» **WHAT NEEDS TO BE DONE**
Would you return, word for word, the lines of the data below from the line with "Panasonic NCR18650A battery 18650 3100mah 1" through the line with "Bilder frau ohne zähne Frau zeigt", and no others?

» **EXERCISE DATA**
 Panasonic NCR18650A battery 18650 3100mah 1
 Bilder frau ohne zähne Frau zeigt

--

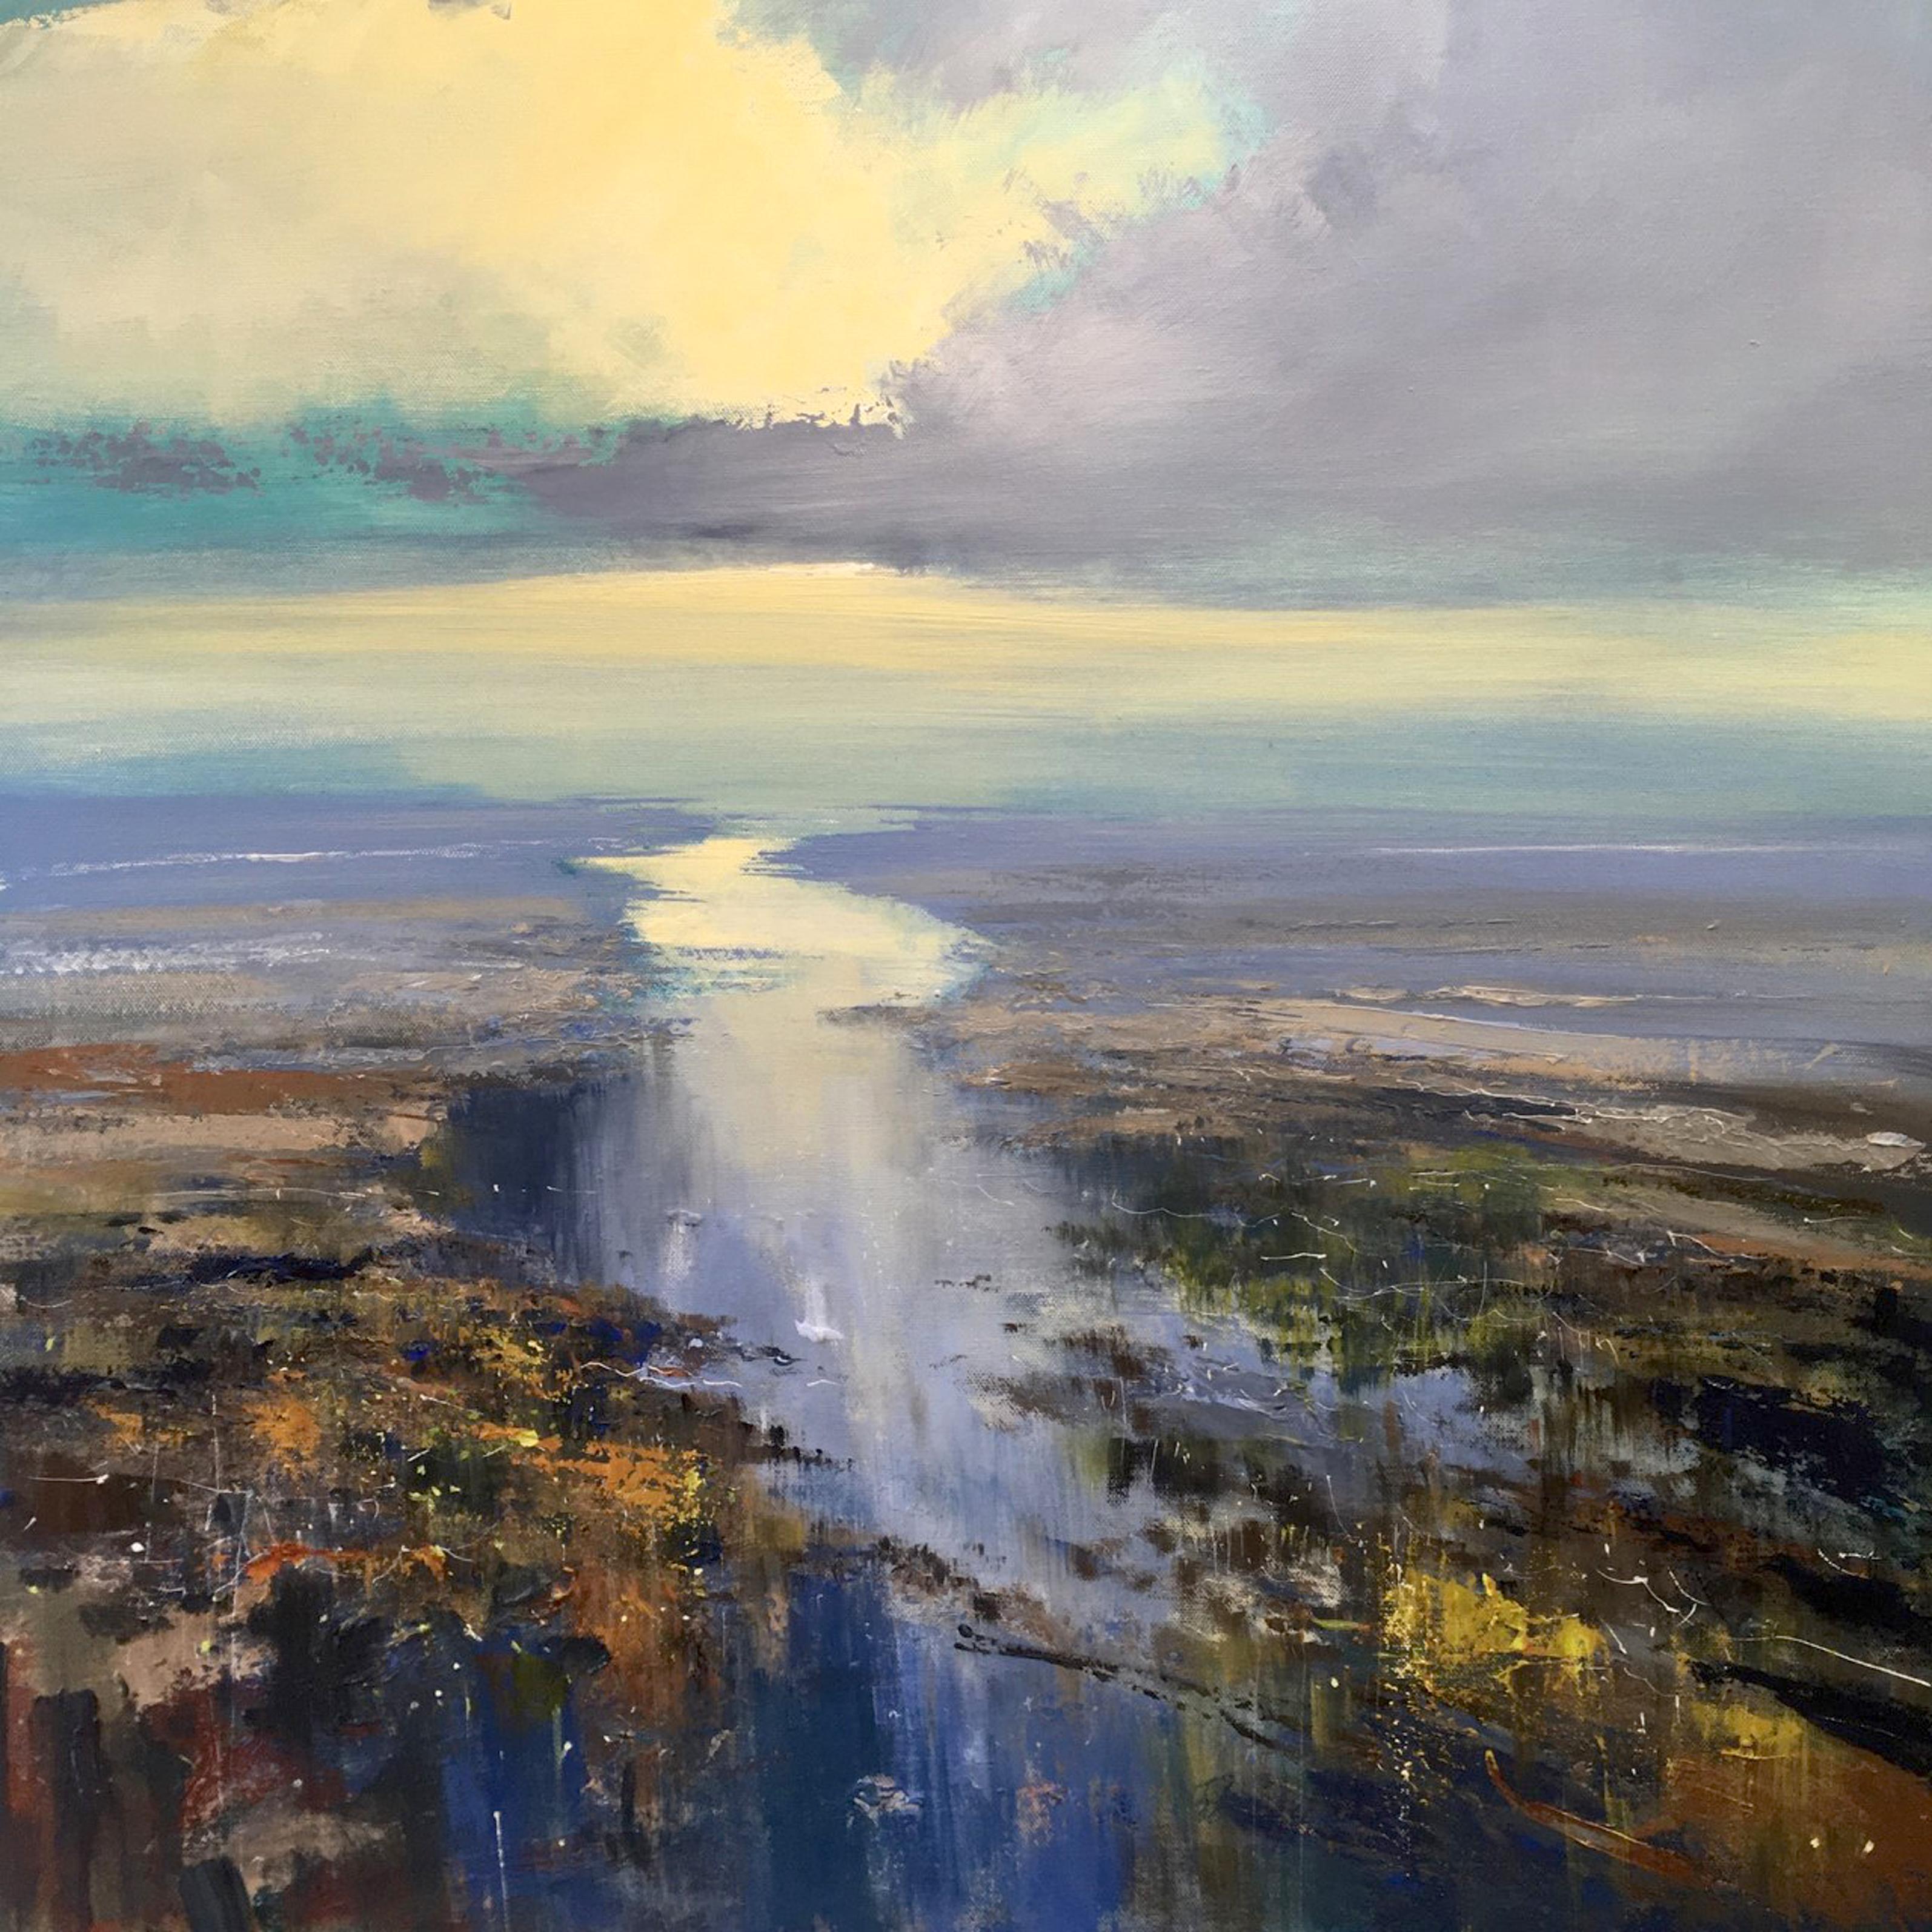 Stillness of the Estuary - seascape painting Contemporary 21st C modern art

» **THE COMPLETED TASK**
 Panasonic NCR18650A battery 18650 3100mah 1
 Bilder frau ohne zähne Frau zeigt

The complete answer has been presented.